It is hardly topical to talk about Sex and the City six years after the show finished and over a year since second movie was released, but that is just the kind of glacial pace it takes for some of my thoughts to form. I haven’t actually seen a great deal of the show, so I am not in the best position to judge, but something that has always irked me about it was the representation of female friendship.
We all enjoy the escapism of some ‘non reality’ viewing. Some of us particularly love a brand of escapism in which the show/movie and its characters are indeed quite accurate portrayals of real, raw and flawed human beings. It feels authentic. We can relate to it, but – and maybe this is best of all – at the end of the day it is still contains enough constructed elements to transport us away from real life and into the world of entertainment (think the movie ‘Sideways’, or the TV series ‘Six Feet Under’).
So perhaps it makes me a bit of a wet blanket to complain about the lack of genuine realism in a show like SATC, but I cant help but feel that a show like this, along with Hollywood and market driven ideas of female friendship, are making some women feel like failures if they cant walk four abreast down a city sidewalk arm in arm with their besties.
Often, not only was SATC applauded for its celebration of female friendship, but it was branded a ‘revelation’ for showing us what it was ‘really like’ for a group of close, genuine female friends.
So if SATC was what it was ‘really like’ to have genuine friendships, what the hell could the rest of us call our friendships that didn’t quite fit the mould?
It was claims like this that left me wondering why instead of an ‘awesome foursome’ I had a group of friends that fit together as well as mismatched pieces of a jigsaw puzzle. And it bothers me that, however fleeting, thoughts like this ever came to mind. That, despite having incredible confidence and pride in my friendships, I could still be affected by the way friendship was portrayed by the entertainment industry.

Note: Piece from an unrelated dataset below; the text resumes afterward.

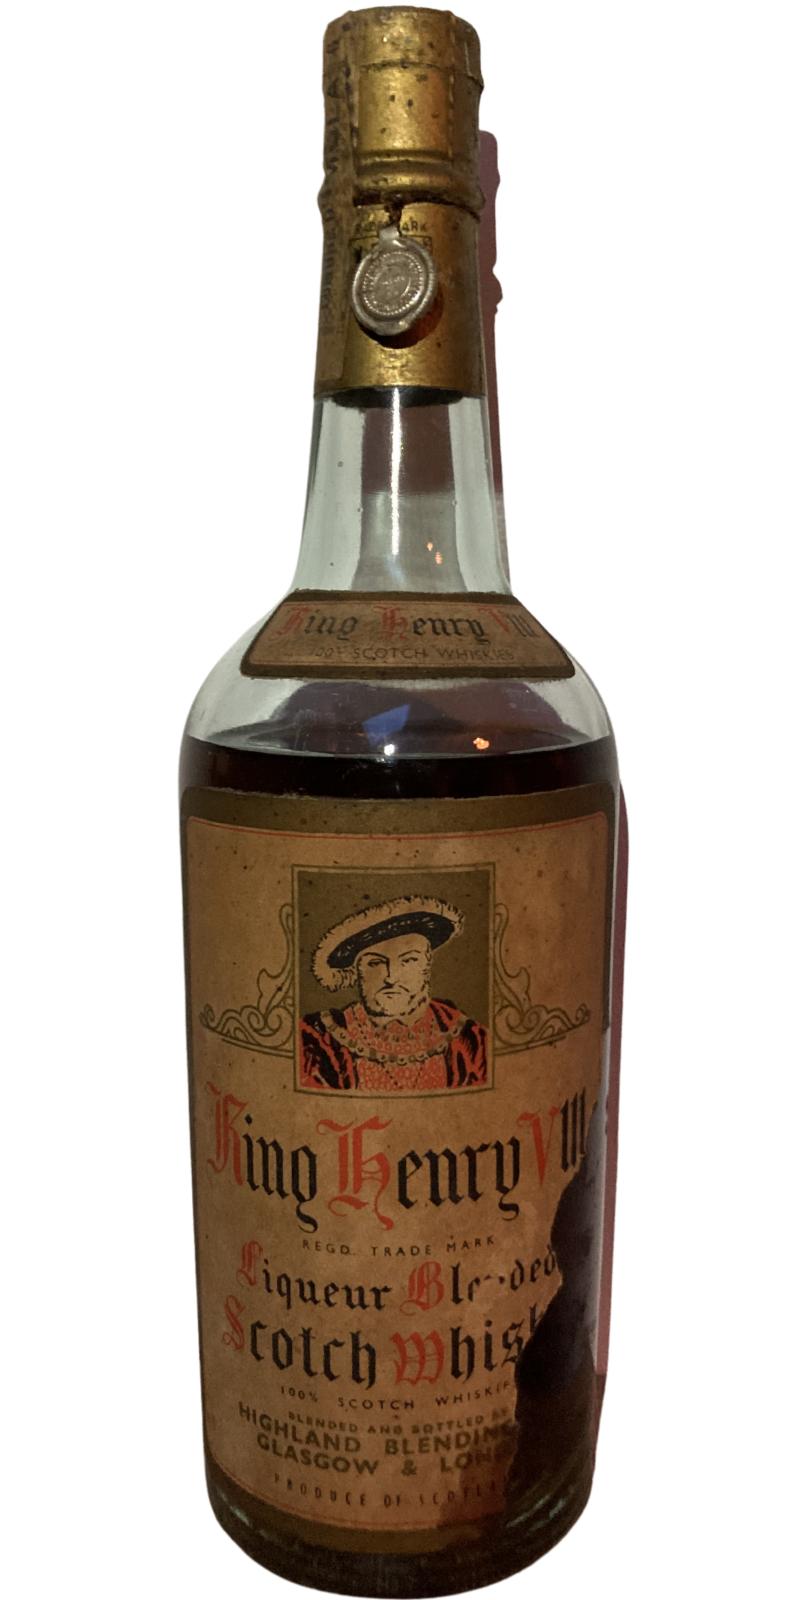 King Henry VIII Liqueur Blended Scotch Whisky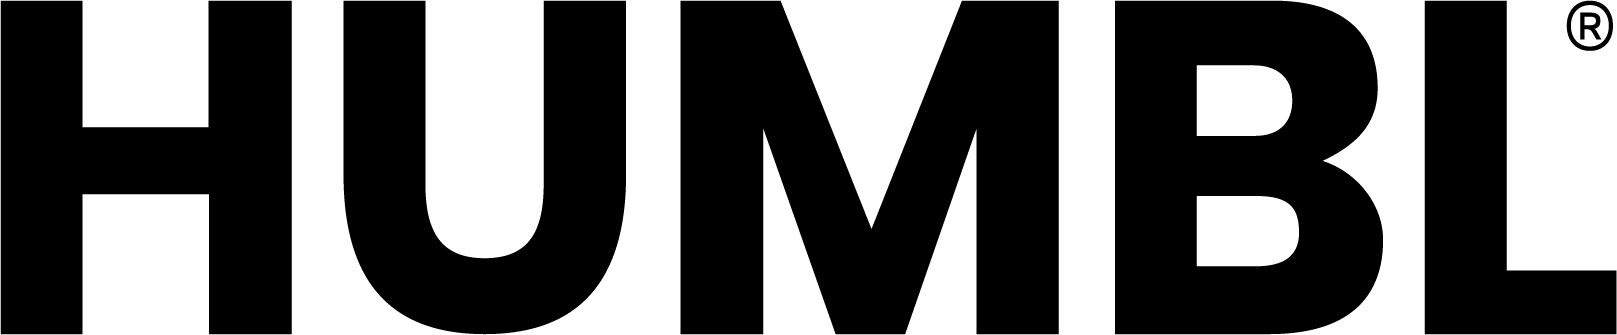 HUMBL logo black.png

But rather than question where my SATC version of friendship is, I think I’d rather ask to see the real deal for a change. How would it be if instead of four fine fashionistas chinking glasses over a bougie lunch, we got two or three women dressed in Kmart clothes drinking too much at the local pub because one of them still lived at home with an alcoholic father and the other, raised by a mentally unstable mother, drank excessively to mask her inability to forge intimacy any other way?
Because instead of late night phone calls, giggling over champagne, and bonding over sexual story swaps, often the things that bind me to people has far less frill, and in fact, quite a fair bit more mess. But when we are fed images of what friendships, and indeed all relationships, should look like, we rarely see this underbelly.
Once, after weeks on the road together while my friend was attempting to quit smoking our fighting had become so bad that I had gladly screeched to a stop at a train station where, tear stained and red with anger, she screamed that she would find her own fucking way home. And she did.
It is not a pleasant memory but I remember it, and other times like it, because they were turning points in our friendship (we had both come from very enmeshed, and in ways, dysfunctional, families that were what we christened ‘screamers’. The fact that we had come to act in ways with each other that we had only ever previously done inside our family spaces, became a source of intense trust and closeness).
But this acceptance of the raw human being in each of us, this ‘warts and all’ embracing, is never what is celebrated in pop culture. Friendship is repeatedly made to be about the things people do for each other, ‘acts of love’ that are terribly moving up on the big screen, but that rarely happen in real life, or, if they do, are rarely what really counts as closeness.
The gaping hole in this argument is of course that these shows are not real life, granted. But what about how they make real people feel? After we happily gorge on the feast of fantasy and fairytale, are we left feeling empty if our own lives don’t quite look the same?
At 32 years old I do not have a SATC type band of women riding out life’s highs and lows with me while looking fabulous. My friends did not come and do my laundry after my boy was born, they did not whisk me away for a girls only getaway when motherhood was mucking with my mind, and not one of them turned up on my doorstep with a bottle of wine and chocolates after I experienced a traumatic abortion.
So have I failed at friendship?
Of course not.
It is just that what I have looks nothing like the way I see friendship represented in the media, and sadly, that can sometimes lead us to the same kind of conclusions that we arrive at when our bodies are not size 10 and slim line – that we are not normal.
No matter how much we duck the mainstream and buck convention, it is hard to escape the ‘fairytale’ programming we are subjected to from such a young age on everything from charming princes, ravishing beauties and fairytale friends, especially when this is constantly reinforced by an entertainment industry that fails to celebrate real people.
But if they are ever wondering how it is that you do that, all they really need to know is look at something a little darker than the trials and tribulations of finding true love and a pair of Manolos, because ultimately, at the root of my strongest and most enduring friendships, is a little dysfunction.